ASH: alcoholic steatohepatitis; AH – alcoholic hepatitis; IQR: interquartile range; WBC: while blood cells; AST: aspartate aminotransferase; ALT: alannine aminotransferase; GGT: gamma-glutamyl transpeptidase; ALP: alkaline phosphatase; INR: international normalized ratio. N/A: not applicable; N/D: not determined (or missing data).

Effect of alcohol on hepatic transcriptome

We have previously shown that there are extensive transcriptomic changes imparted by some stages of ALD⁴⁴, but the assessment of ALD-related transcriptomic reprogramming encompassed only protein-coding genes and did not include the analysis of splice variants. We therefore decided to interrogate RNA sequences datasets in order to evaluate the extent of differential expression and missplicing of both coding and non-coding features. The analysis of expression of 57,820 features confirmed that alcohol caused genome-wide changes in hepatic transcriptome, with a number of differentially expressed genes positively correlating with a disease severity. In eASH, 4,928 were altered (8.5%), in nsAH – 9,075 (15.7%), in sAH – 14,100 (24.4%), and in exAH – 14,292 (24.7%) (Fig. 1). When considering the RNA biotypes, the composition of altered transcriptomes was relatively similar in all alcohol-related condition, with a majority of affected genes (60–70%) being represented by protein-coding genes (Supplementary Fig. S1). Altered transcriptome profiles demonstrated a considerable overlap (data not shown) suggesting that alcohol-related transcriptomic changes are persistent, cumulative along the progression of ALD, and unlikely to be random. To address functional implications of altered transcriptomes, we analyzed transcriptomic overlaps between eASH and later stages of alcohol-induced hepatic damage such as sAH and exAH. Gene Ontology analysis of overlapping suppressed genes revealed that downregulated features are mainly involved in oncogenesis: affected pathways included DNA replication, DNA damage response, cell cycle, and regulation of mitosis (Supplementary Tables 1 and 2).

Figure 1.

Differentially expressed genes in the liver from patients with alcohol-related hepatic diseases. eASH – early alcoholic steatohepatitis, nsAH – non-severe alcoholic hepatitis, sAH – severe alcoholic hepatitis, exAH – explants from patients who underwent hepatic transplantation due to liver failure.

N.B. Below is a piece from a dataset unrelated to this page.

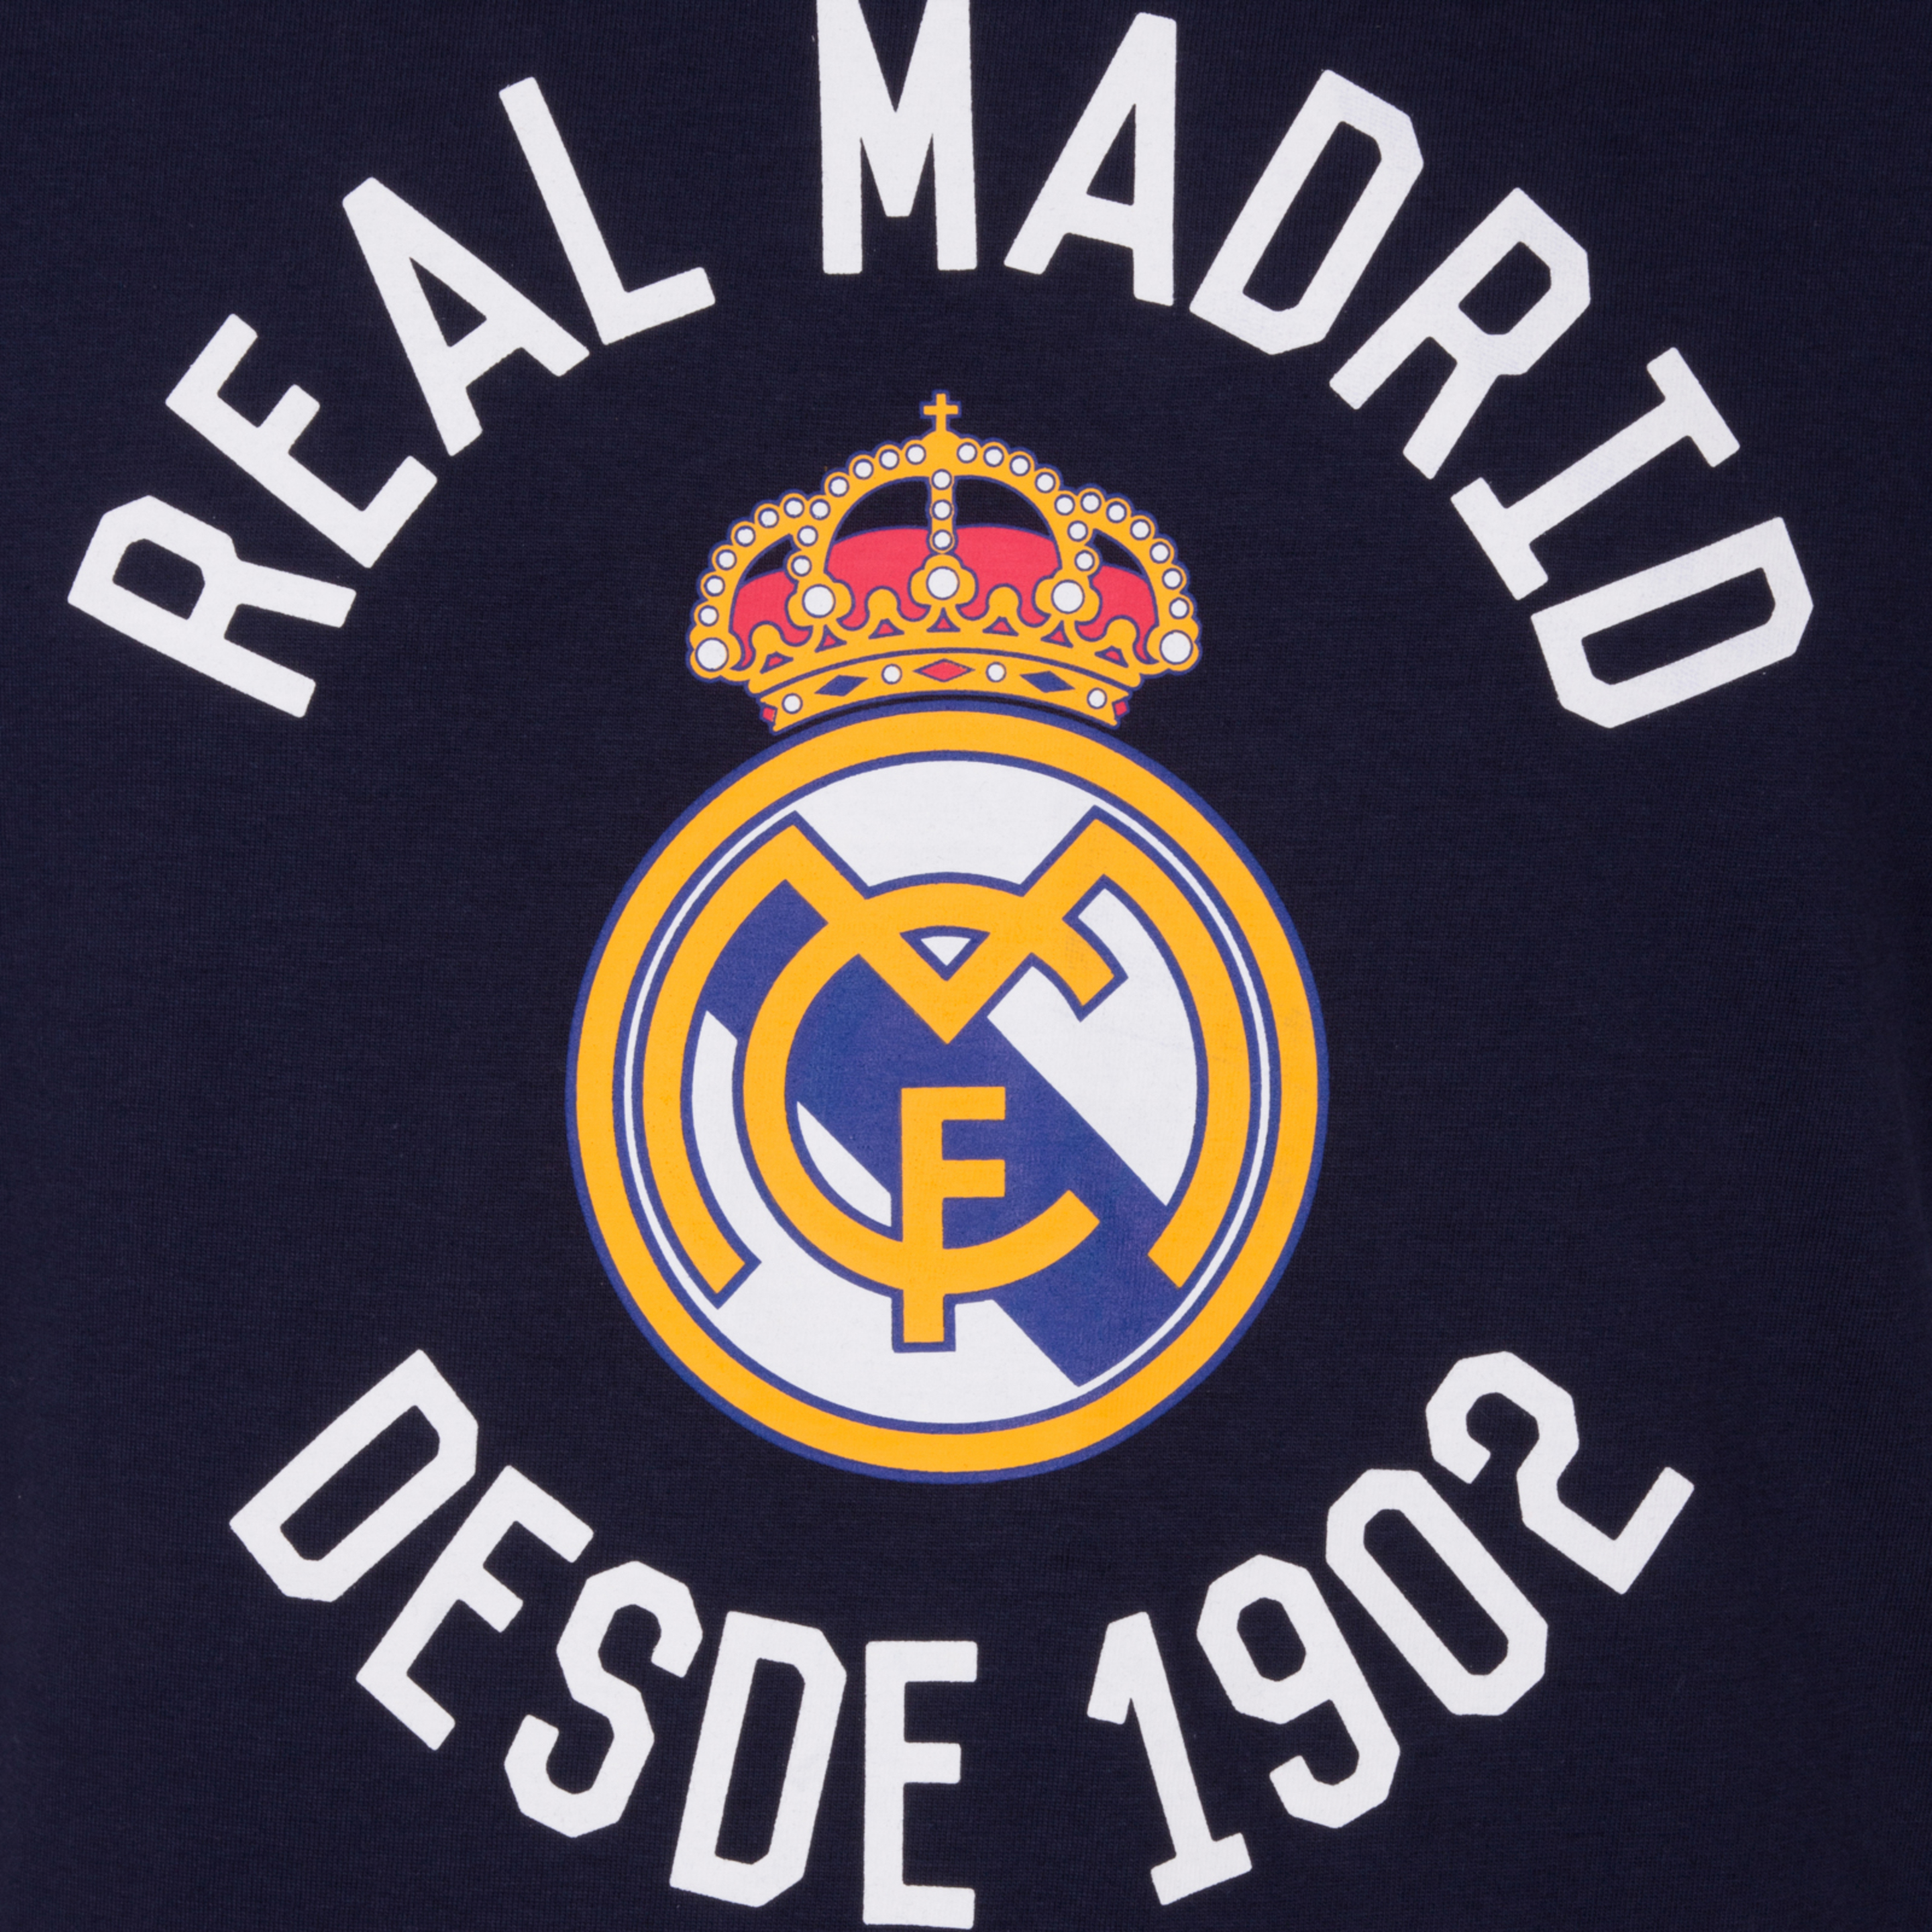 Real Madrid - Camiseta Oficial Para Hombre - Serigrafiada - Xl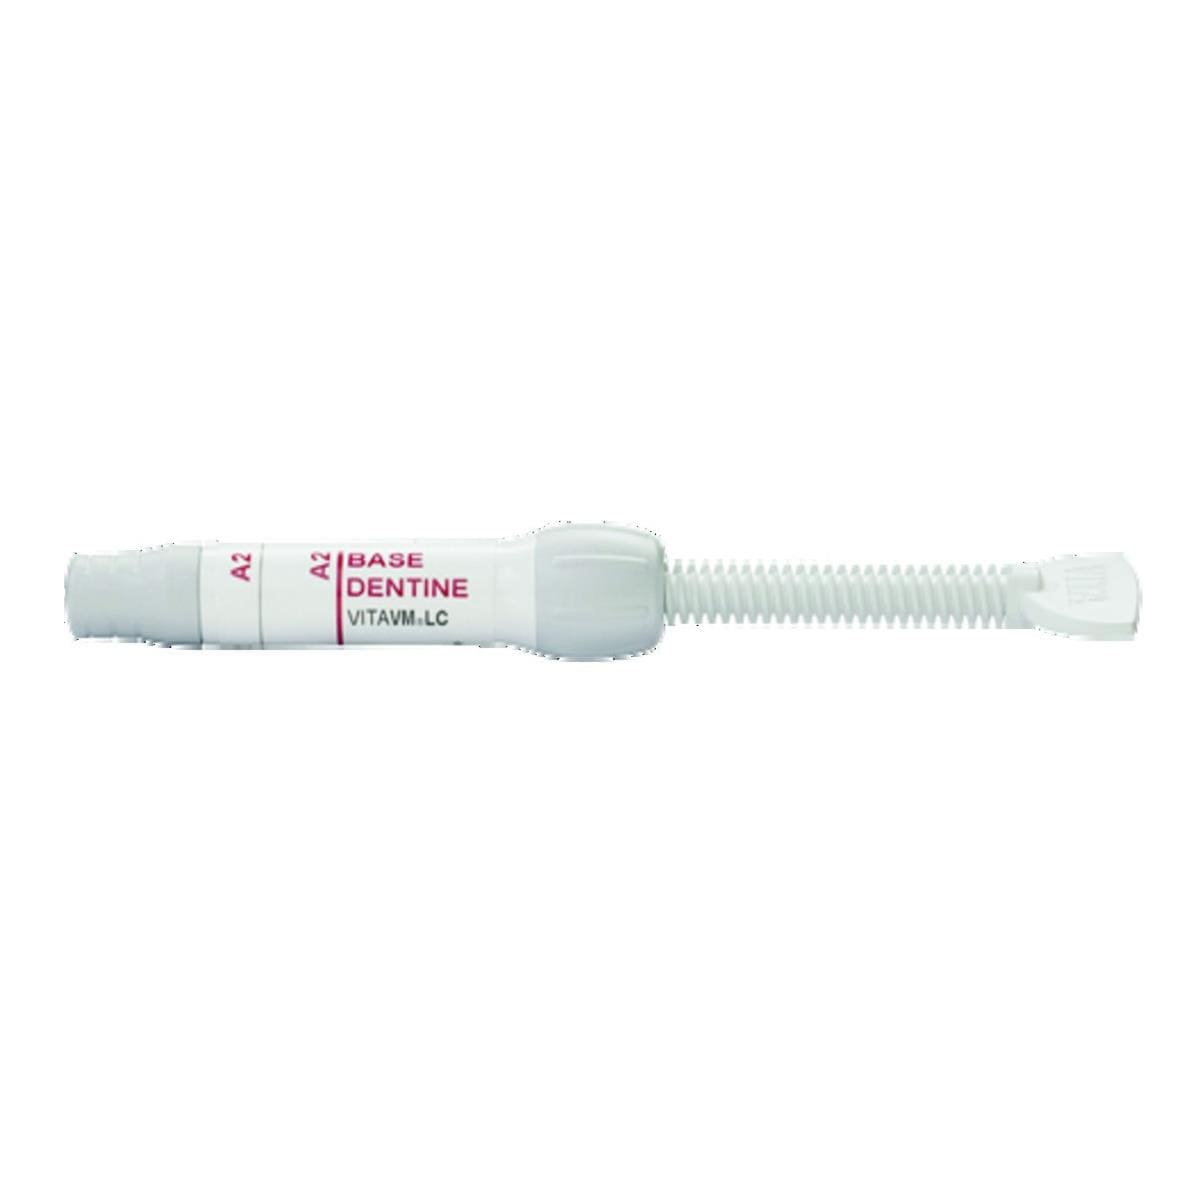 VM LC VITA - 3-D Master - Base Dentine 4R1,5 - La seringue de 4 g

Next, we asked if there are transcriptional changes that persist across all stages of alcohol-induced hepatic damage and assessed determined genes up- or downregulated in all four groups. In total, expression of 1,265 were either increased or decreased throughout eASH-nsAH-sAH-exAH continuum (Fig. 2). 440 genes were upregulated in all groups, 825 – downregulated in all groups (Supplementary Table 3) indicating the broad character of alcohol-induced transcriptomic changes across all conditions.

Figure 2.

Genes affected in all groups. Top portion of the plot represents 440 transcripts upregulated across all groups, bottom part – 825 downregulated transcripts. X axis signifies chromosomes, y axis corresponds to Zcuts values for each gene that match to four groups. eASH – early alcoholic steatohepatitis, nsAH – non-severe alcoholic hepatitis, sAH – severe alcoholic hepatitis, exAH – explants from patients who underwent hepatic transplantation due to liver failure.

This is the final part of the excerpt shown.